It’s easy to forget that Warren Buffett has used the insurance business model to drive Berkshire Hathaway to great success. After all, the insurance industry basically uses other people’s money to help generate plenty of cash flow and interest. The secret to Berkshire’s success is in using that float to buy stocks and other assets. For those insurance firms skipping the heavy reliance on bonds, like our latest Best Dividend Capture Pick, it means equally great results.
You can check out the Best Dividend Capture Stocks List to explore all the stocks.
As we said, our pick is in the insurance industry. Specifically, our pick is an underwriter of property & casualty insurance (P&C). The P&C market is what most of us think of when it comes to insurance: products designed to reduce risks with life, home, auto, and other assets. This bread & butter insurance generates plenty of premiums and additional float that pads our pick’s profits, and ultimately, its shareholder rewards.

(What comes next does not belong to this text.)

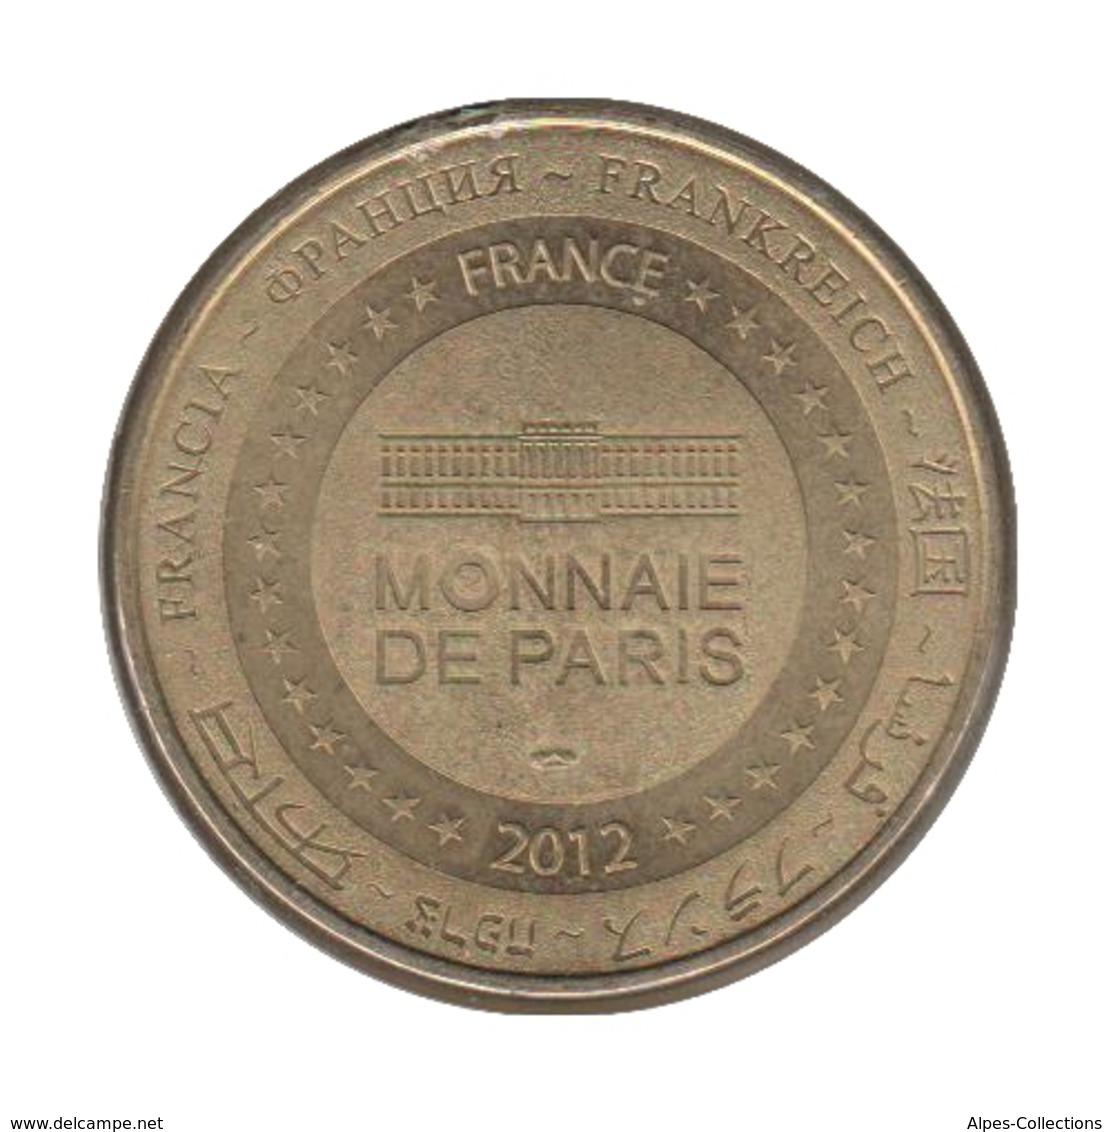 63045 - MEDAILLE TOURISTIQUE MONNAIE DE PARIS 63 - Vulcania - 2012 - 2012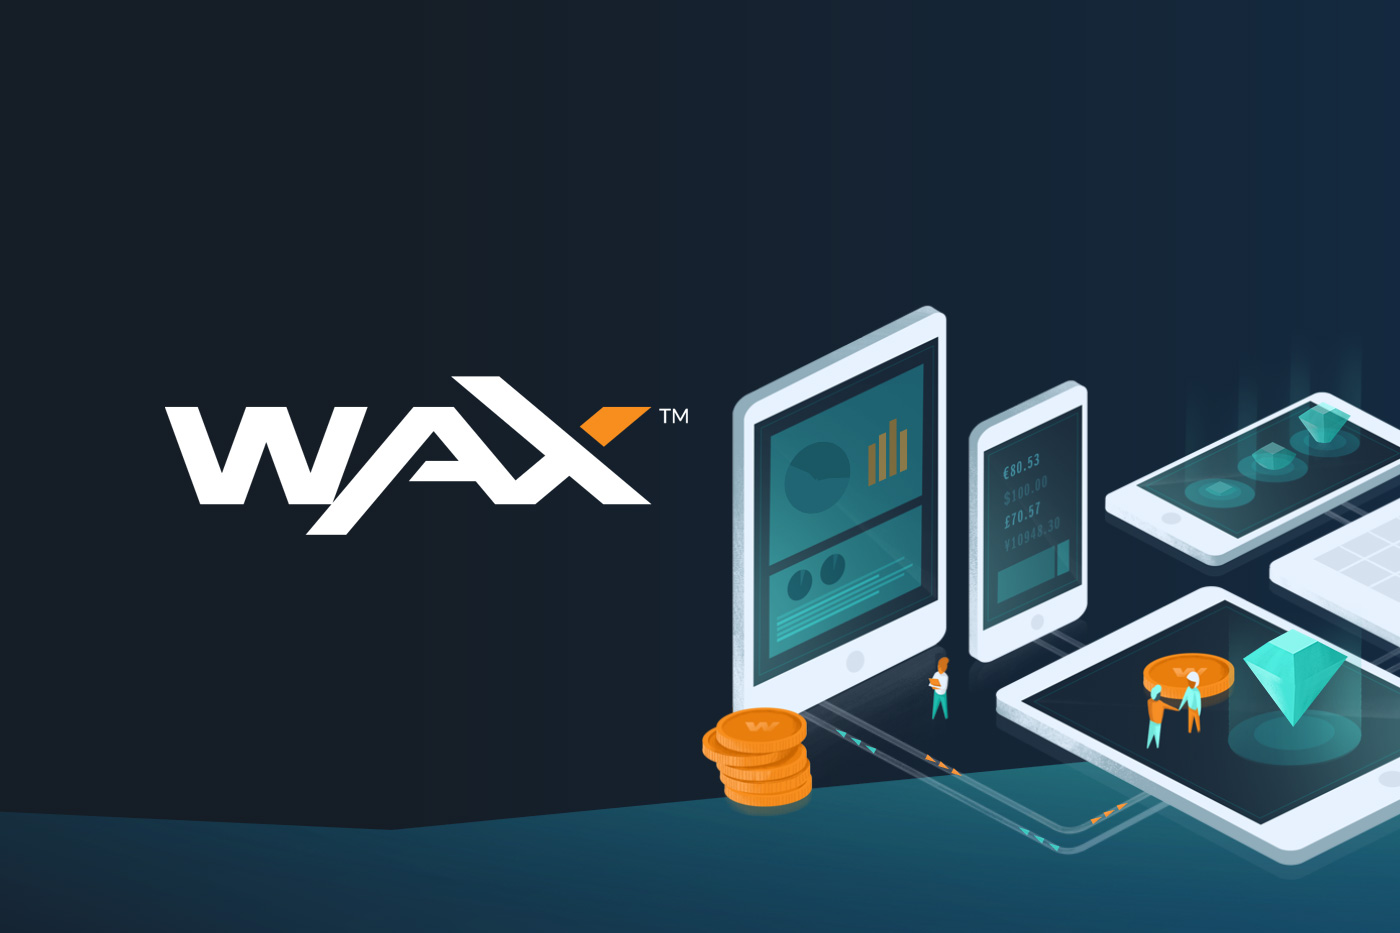 راهنمای WAX eXchange دارایی در سراسر جهان

The secret is just what our pick does with all that cash and float.
Like Berkshire, our pick doesn’t just stick to treasury bonds and T-bills. It also uses all that float and invests it in the stock market and other asset classes. This helps generate extra returns for our pick. So much so, that underwriting becomes less of a profit driver than investment gains.
The win is that our pick has been great on the underwriting front as well. Thanks to new technology upgrades and models, our pick has continued to see strong underwriting growth, even during catastrophes such as the pandemic and California wildfires. At the same time, our pick has continued to move into specialty P&C insurance. Underwriting new risks comes with higher premiums, which in turn leads to more investment and a bigger float portfolio. The result is our pick continues to drive profits and gains for its shareholders.
With that in mind, our pick has become a cash flow champion and strong dividend payer. One that investors have made into an excellent dividend capture play as well. A dividend capture strategy involves buying a stock before its ex-dividend date and then selling it after it has recovered the payout. With an ex-dividend date of Monday, September 22, our pick is primed for the strategy, as is evident from its historical track record of a recovery period within an average of 2.6 days after going ex-dividend.
For investors looking for a quick total return of income and capital appreciation, our latest P&C insurance pick could be a lucrative option.